Robert Baden-Powell starts the Boy Scout movement.

1908-12-28 00:00:00

Tsunami/Earthquake

An earthquake and tsunami destroys Messina, Sicily and Calabria, killing over 70,000 people.

1909-01-28 00:00:00

American military presence in Cuba

The last of theremaining American troops in Cuba are finally withdrawn. Since the conclusion of the Spanish-American War (April 25-August 12 1898), the US maintained a constant military presence in Cuba. This seems to me to be a precursor to American Forgein policy, especially in regards to stationing American military personel in forgeing countries.

1909-04-18 00:00:00

Joan of Arc is Beatified

In the Catholic Church, beatification is the church's recognition of an individual's entrance to heaven and is the third step of canonization. Most literally, it means that Joan of Arc was officially blessed on this day. Her iconic history and significance is popular in the world of art and literature and therefore is important to be duly noted.

1909-07-25 00:00:00

A Heavier-Than-Air Craft?

Louis Bleriot is the first man to fly across the English Channel, or any large body of open water, in a 'heavier-than-air craft.' (This, by the way, is a fancy way of saying the machine pushes air down so that a reaction occurs to push the aircraft up). This event played a large role in the beginning steps of globalization during the modernist movement.

1909-11-18 00:00:00

The US aggressively respond to the execution of 2 American Revolutionaries.

In Nicaragua, 500 revolutionaries are executed at the orders of Dictator Jose Santos Zelaya, 2 of them were American.
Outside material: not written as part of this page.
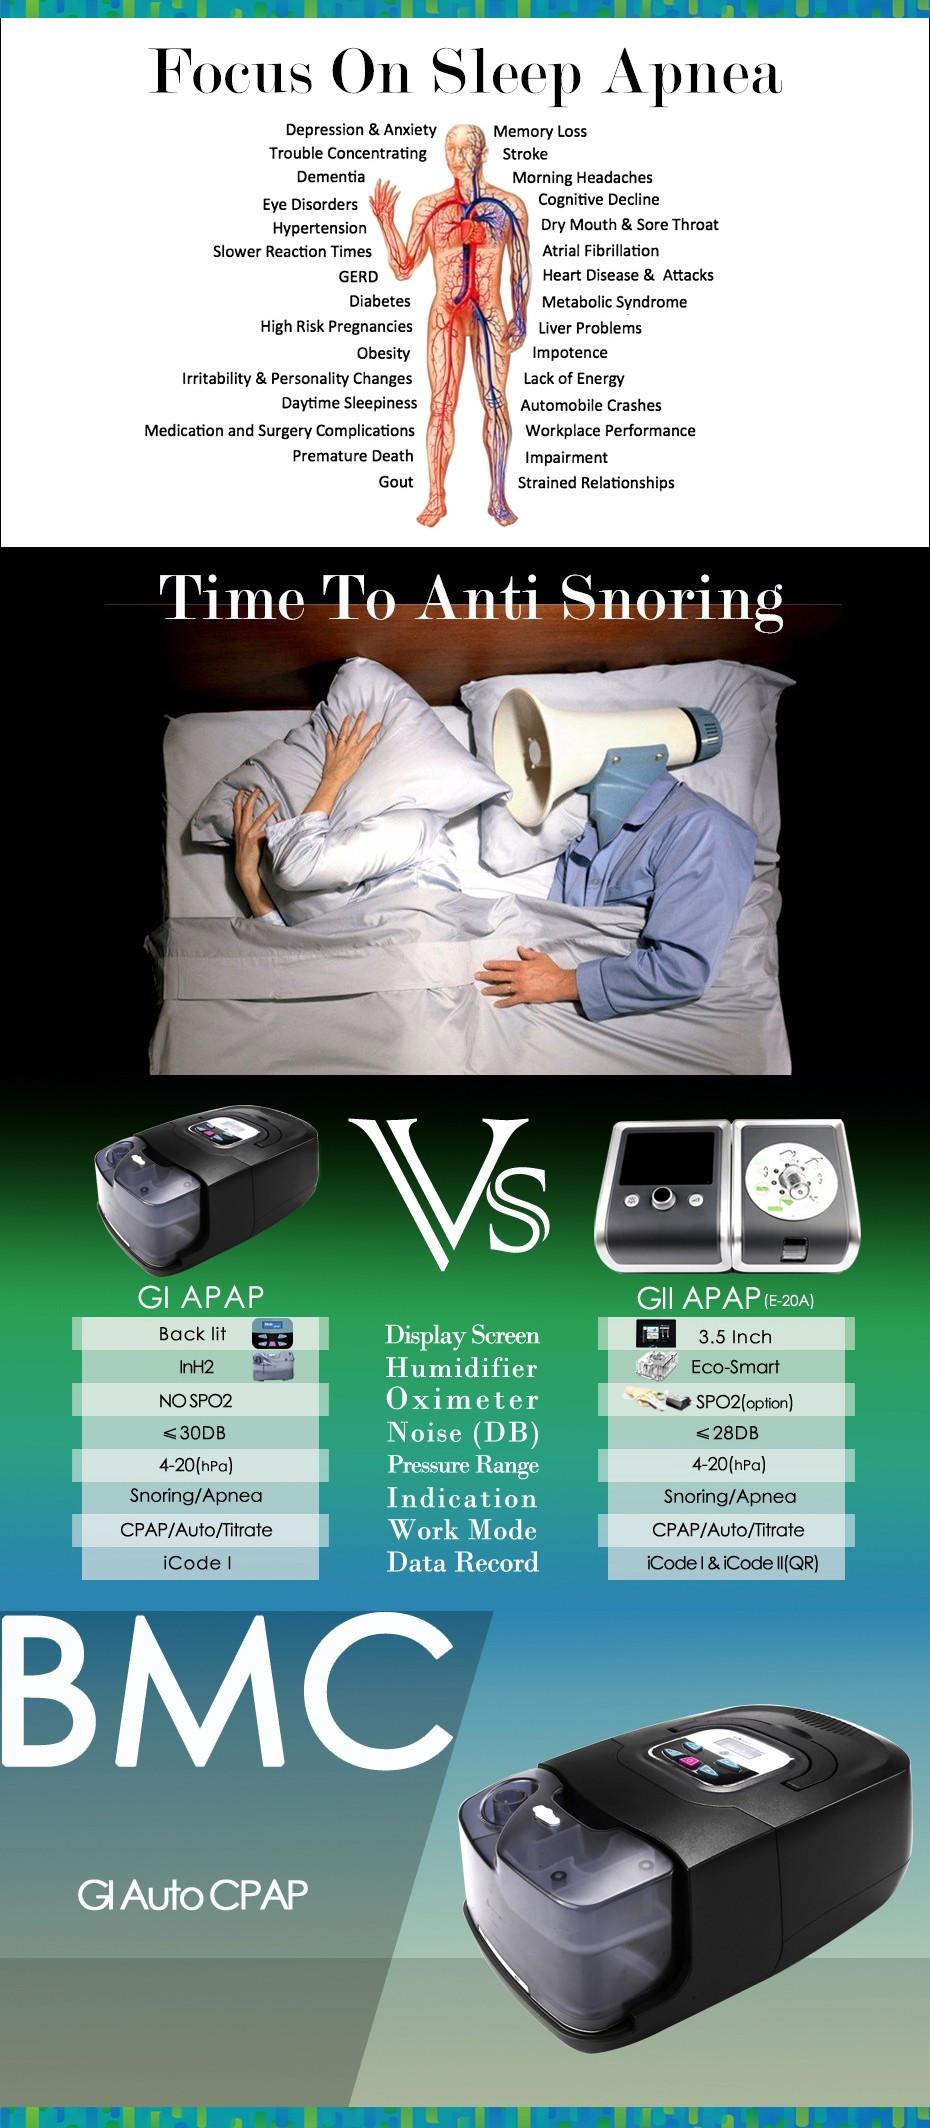 Doctodd GI APAP Auto CPAP GI APAP Machine for Sleep Snoring And Apnea Therapy APAP With Humidifier Nasal Mask Tubing and Bag (14)

The US government responds by sending 2 warships. once again this appears to be a harbinger of American Forgein policy.

1910-01-01 00:00:00

First Missle Experiment

Missiles are dropped from an airplane for the first time, when United States Army Lieutenant Paul W. Beck drops sandbags simulating bombs over Los Angeles, California.

1910-02-01 00:00:00

T.S. Eliot Begins Writing "The Love Song of J. Alfred Prufrock"

Eliot began writing this poem in February of 1910 while still in school at the Sorbonne, though it would not be finished until the summer of 1911 or published until 1915. The poem marks the beginning of Eliot's career as an influential modern poet, and some would argue the beginning of the era of modernist poetry, generally speaking. "Love Song" remains one of the most promient poems of the modern era, and certainly is revolutionary in its content--themes of sexual frustration, decay and mortality pervade throughout the stream-of-consciousness drama.

1910-04-20 00:00:00

Perihelion of Halley's Comet

Halley's comet became visible to the naked eye on 10 April 1910 and came to perihelion ten days after, on April 20. The 1910 approach of the comet was particularly significant as it was the first of which a photograph was taken and also the first instance in which spectroscopic data was collected. On May 19, the Earth actually passed through the tail of the comet itself. Also of note: The writer Mark Twain was born in 1935, two weeks after the perihelion of Halley's comet. He died on April 21 of 2010, the day after the following perihelion of the comet.

1910-05-09 05:42:13

Total Solar Eclipse

A total solar eclipse occured on this date and lasted 4 minutes and 15 seconds. The set of solar eclipses repeat approximately every 177 days and 4 hours at alternating nodes of the moon's orbit.

1910-09-01 00:00:00

Catholic Oaths Against Modernism

The Vatican introduces a compulsory oath against [religious] modernism, to be taken by all priests upon ordination.